◆ **The data**
┄┄┄┄┄┄┄┄┄┄

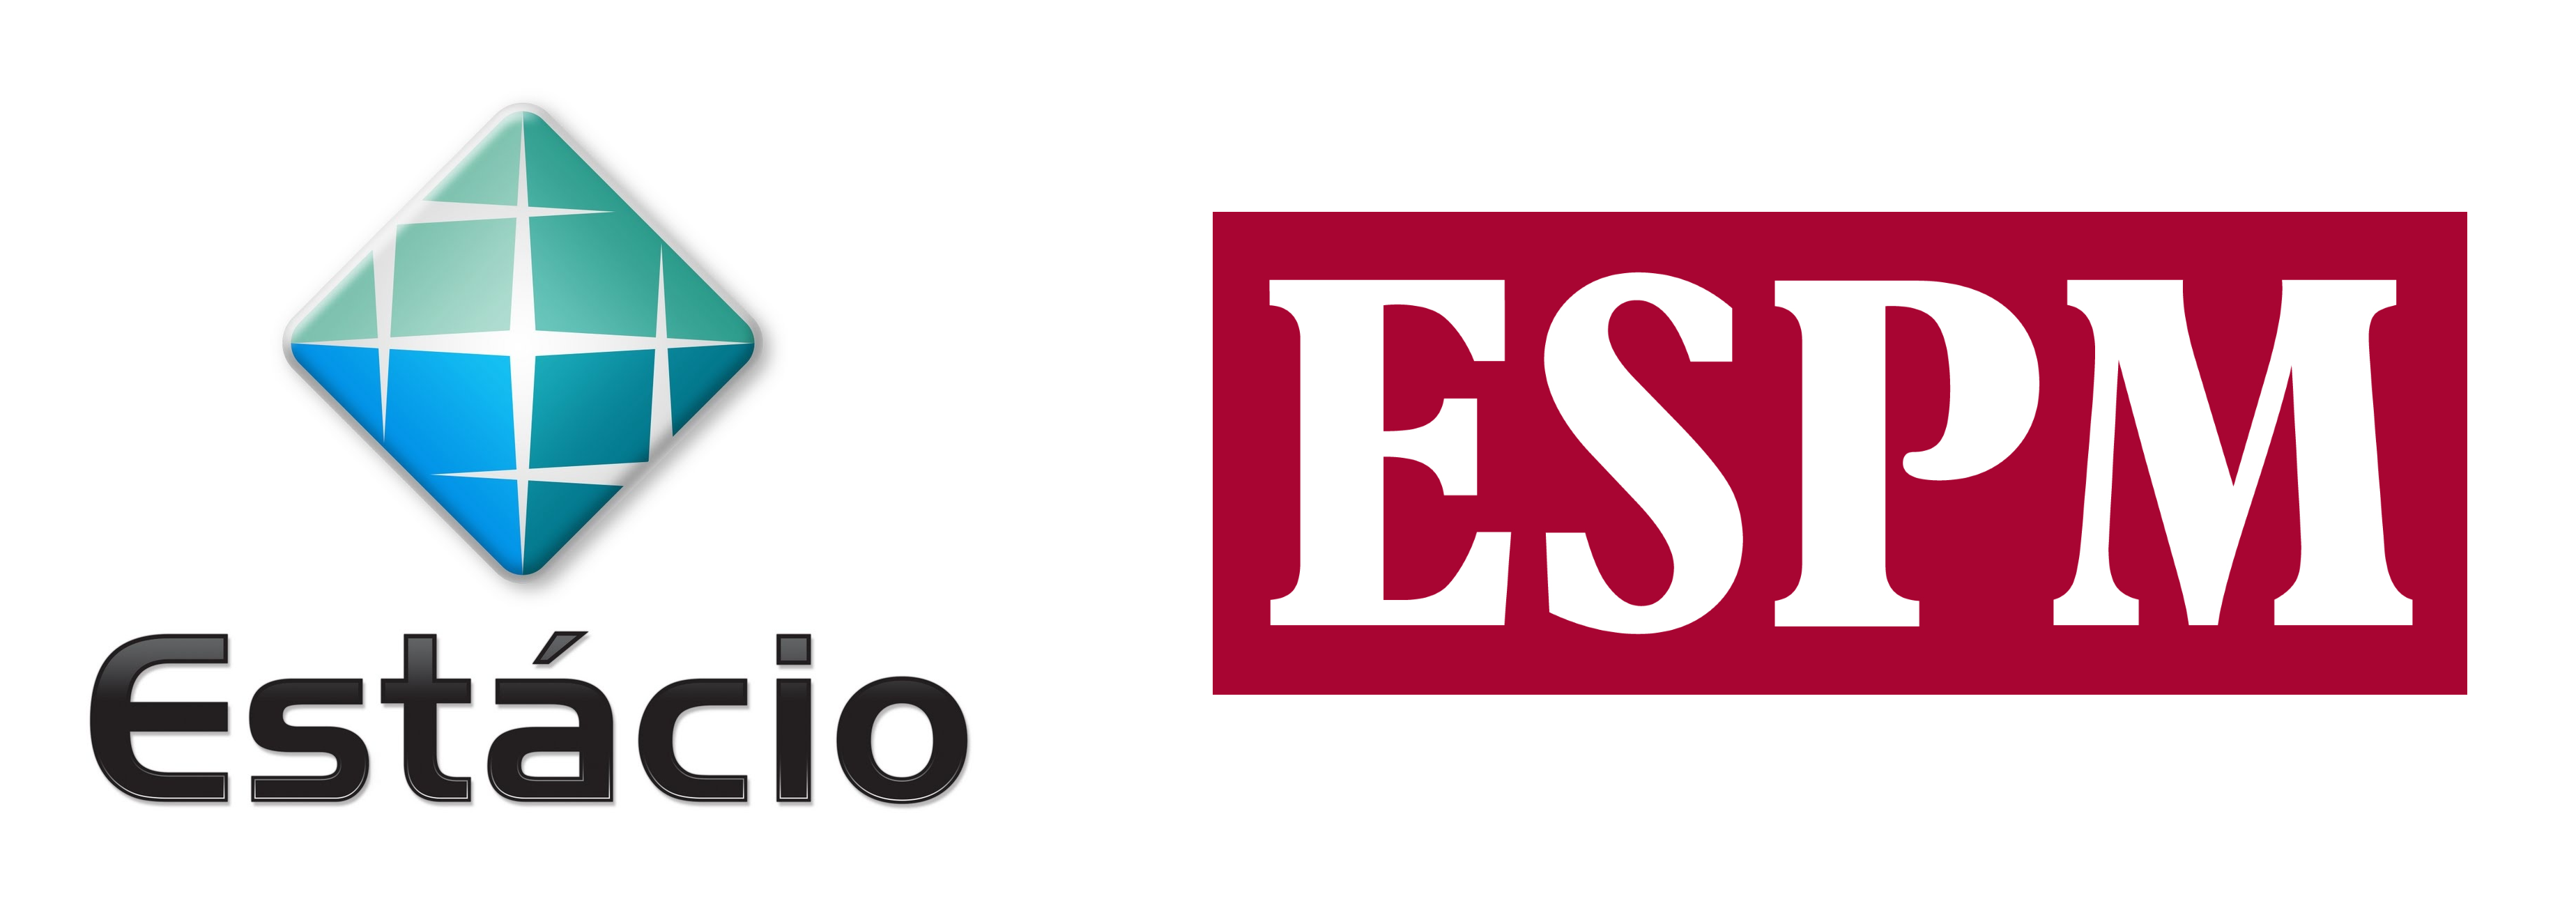 Estacio - ESPM Logo
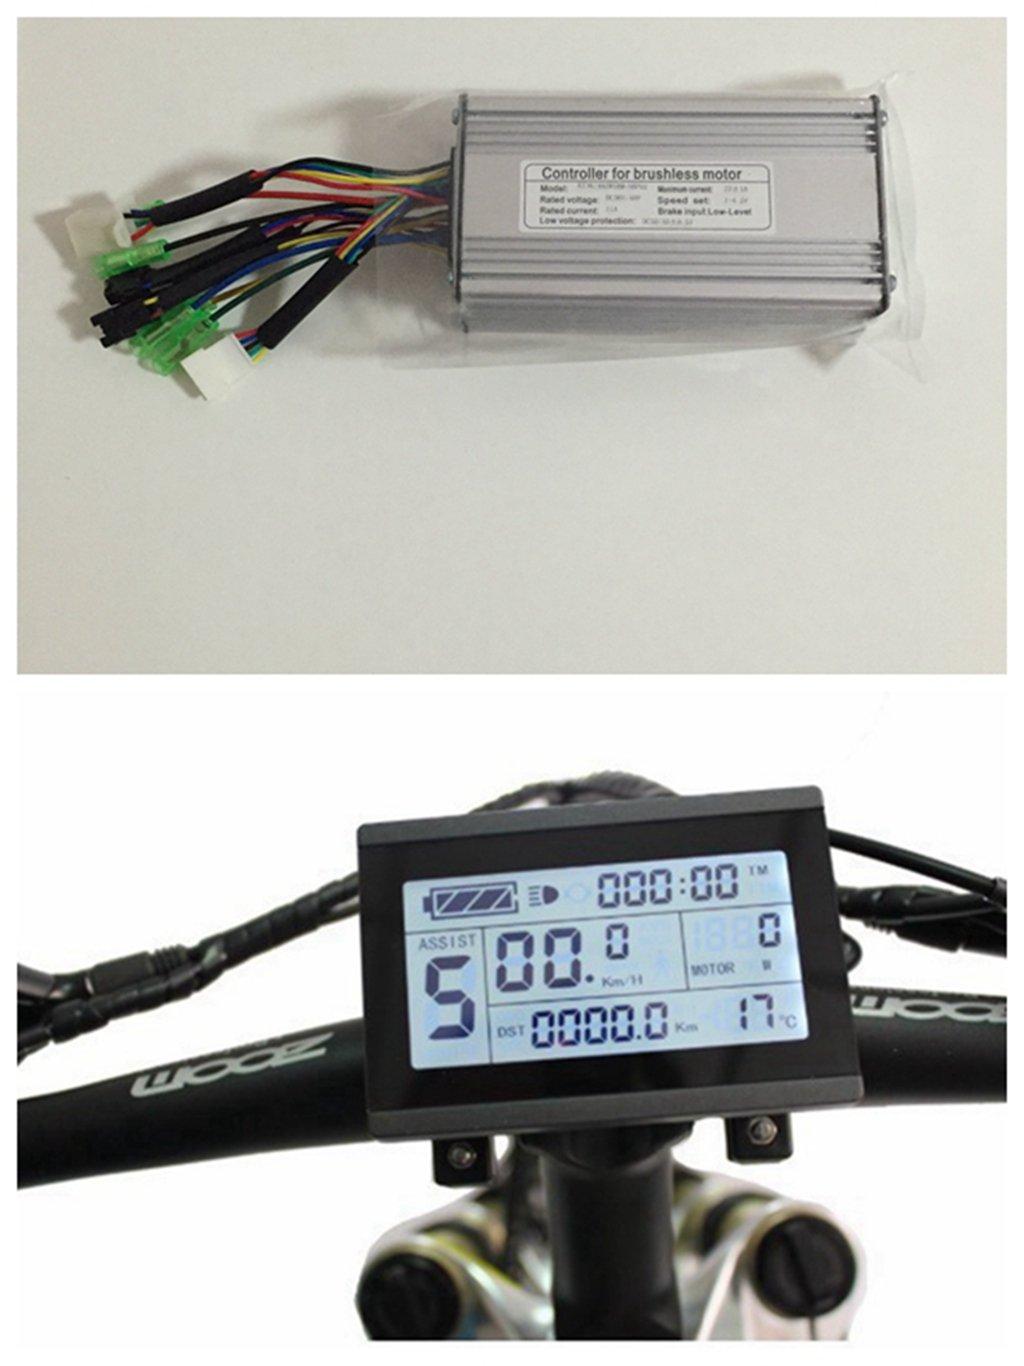 NBPower Juego de controlador de motor sin escobillas para bicicleta, 36 V/48 V, 500 W, 22 A, CC + KT-LCD3, se utiliza para kit de bicicleta de 500 W. niubo power
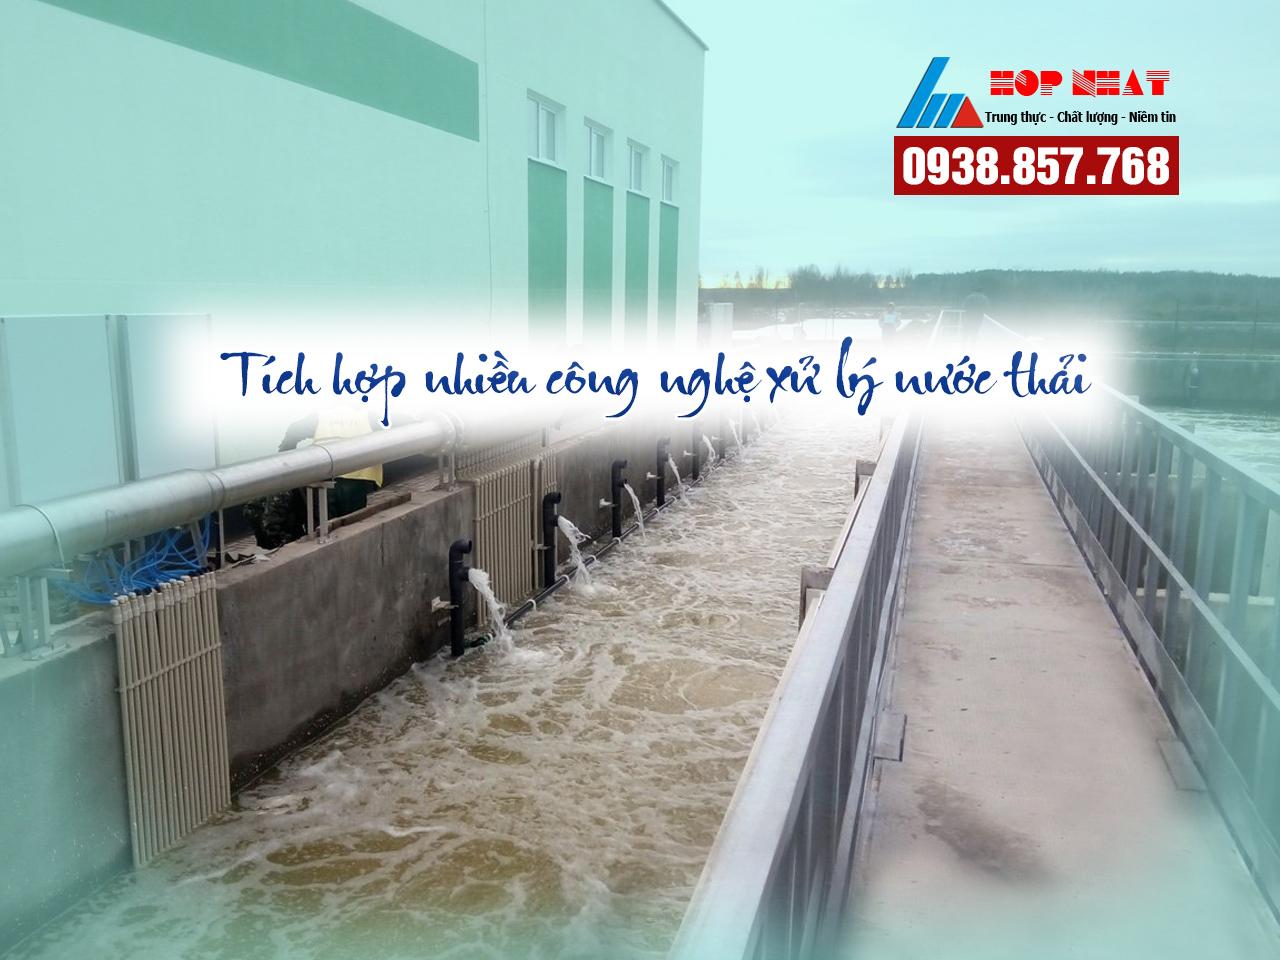 Dây chuyền tích hợp nhiều công nghệ xử lý nước thải
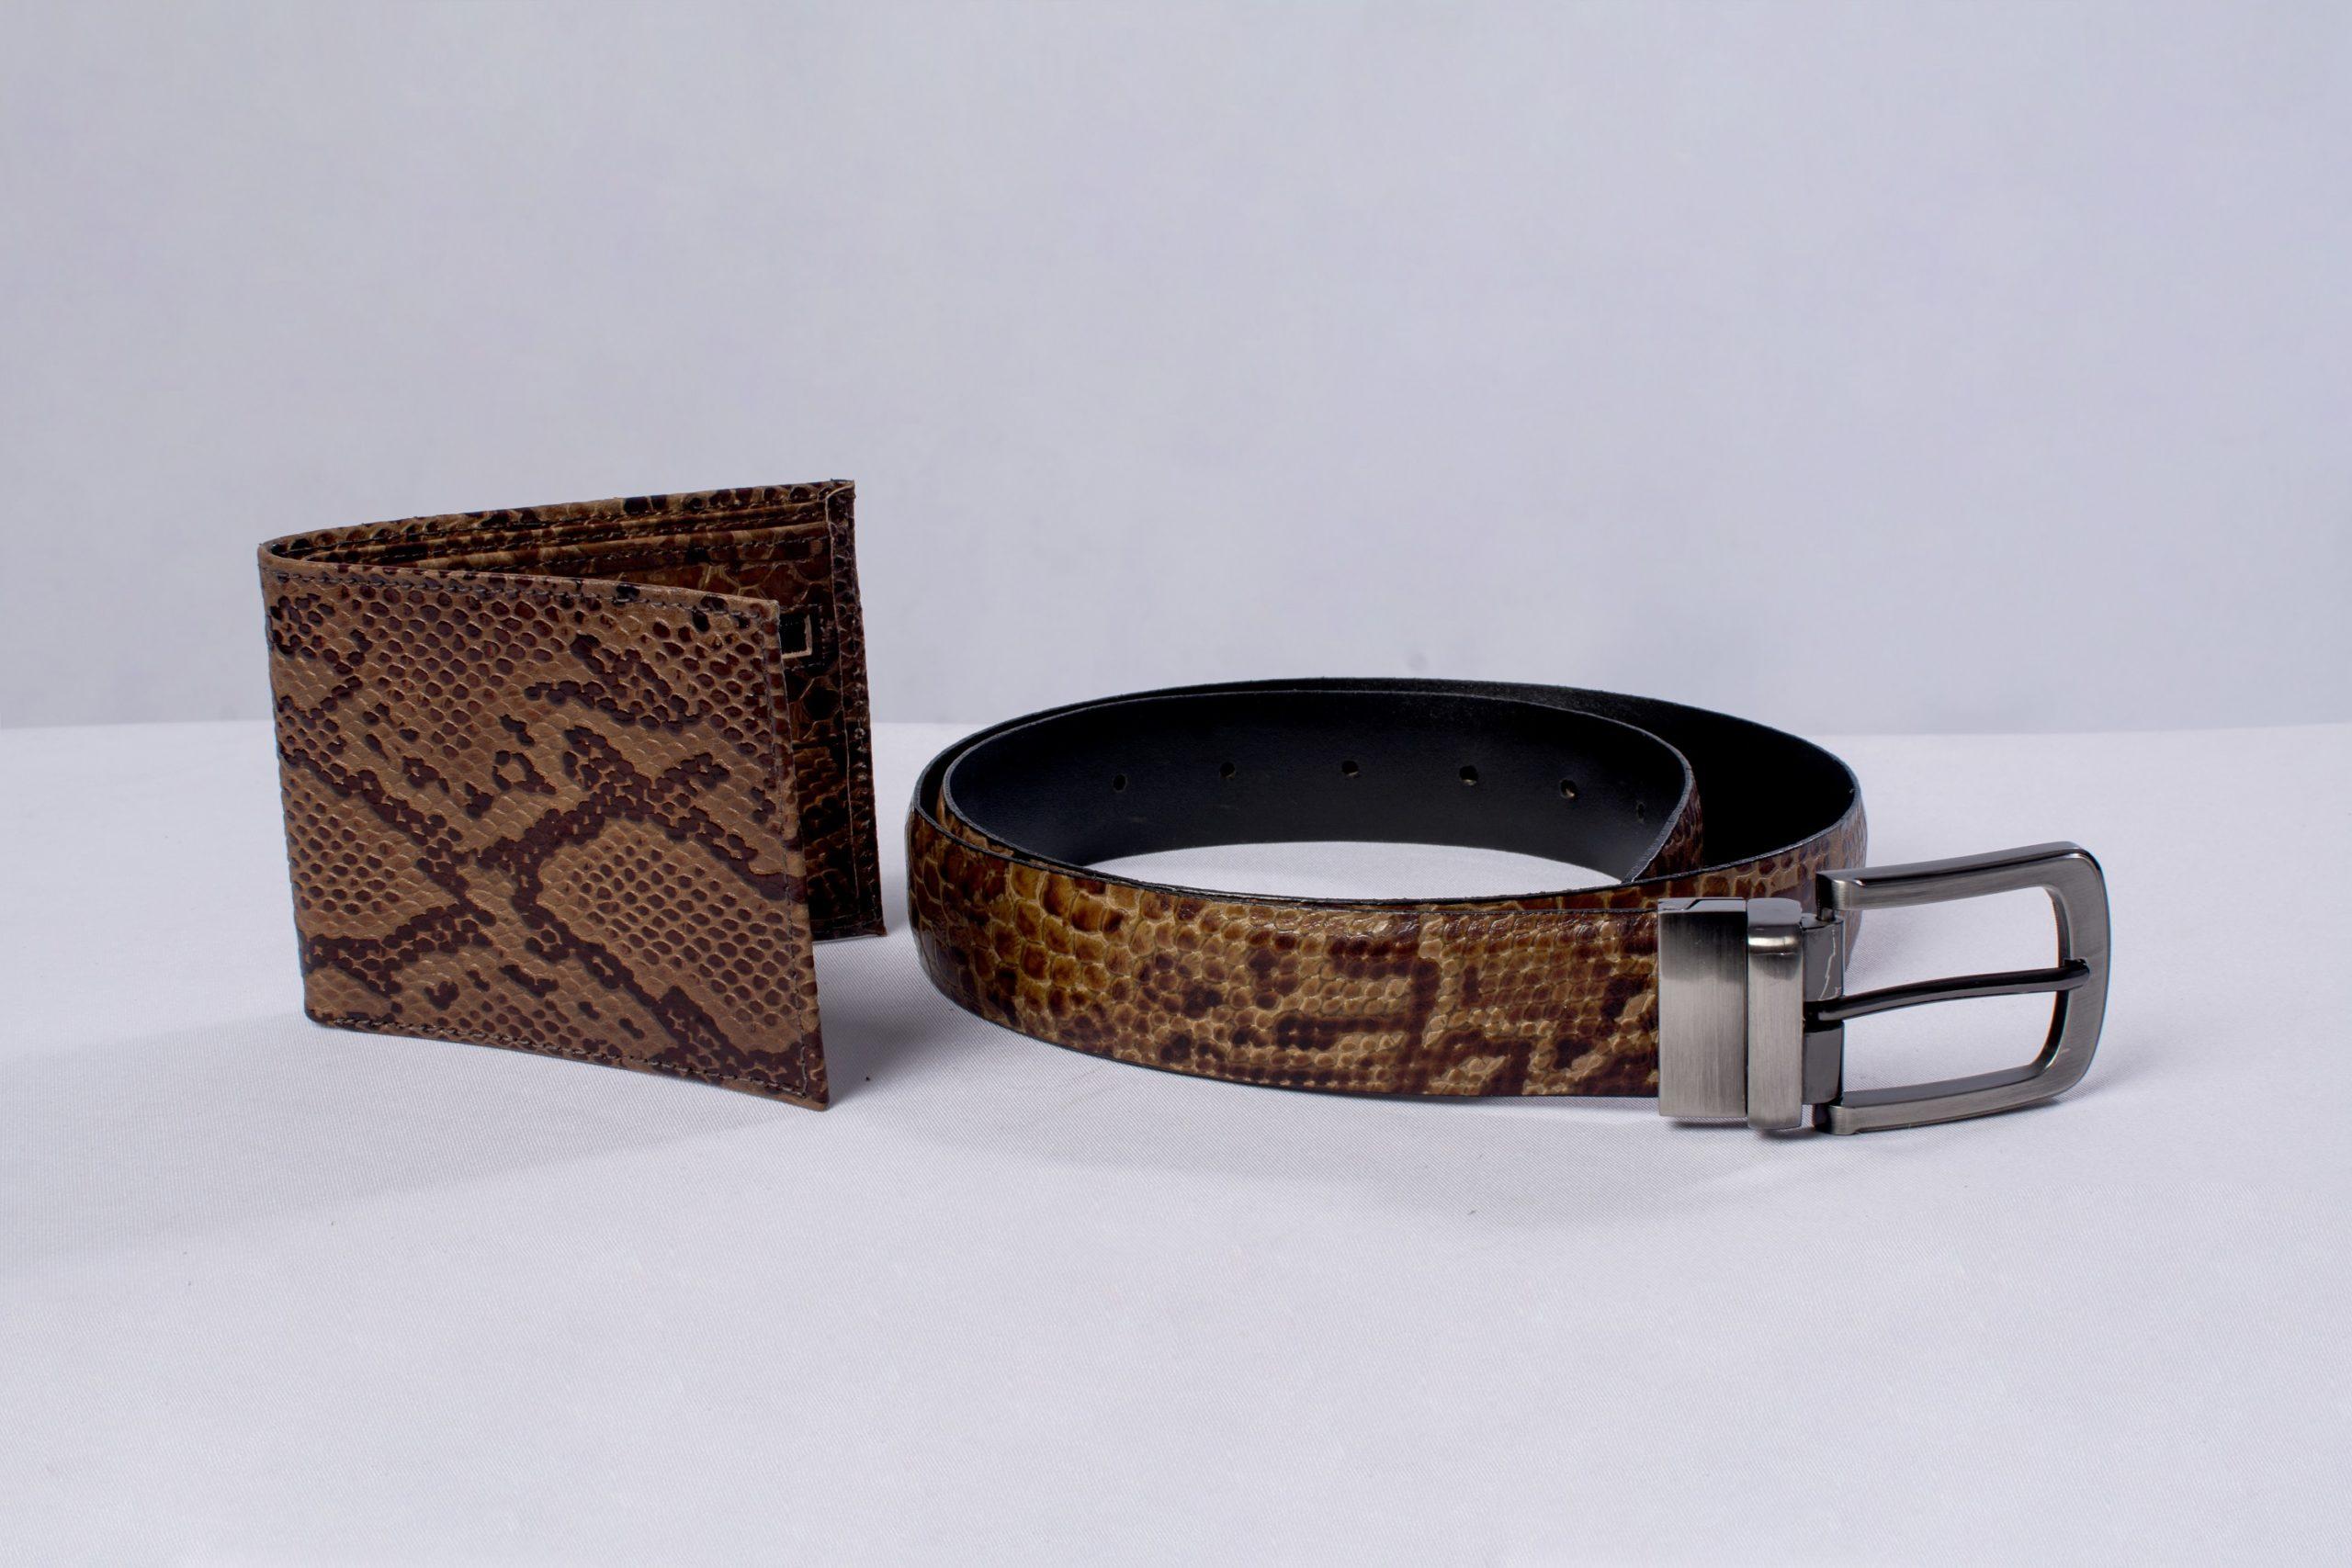 Billetera y cinturón (marroquinería).Material: Cuero de llama y res.

┄┄┄┄┄┄┄┄┄┄

◆ **Work task**
Your task is to restate word for word the lines from the one containing "Dây chuyền tích" through the last line of the data, both ends included, with no pictures.

◆ **Answer space**
 Dây chuyền tích hợp nhiều công nghệ xử lý nước thải
 Billetera y cinturón (marroquinería).Material: Cuero de llama y res.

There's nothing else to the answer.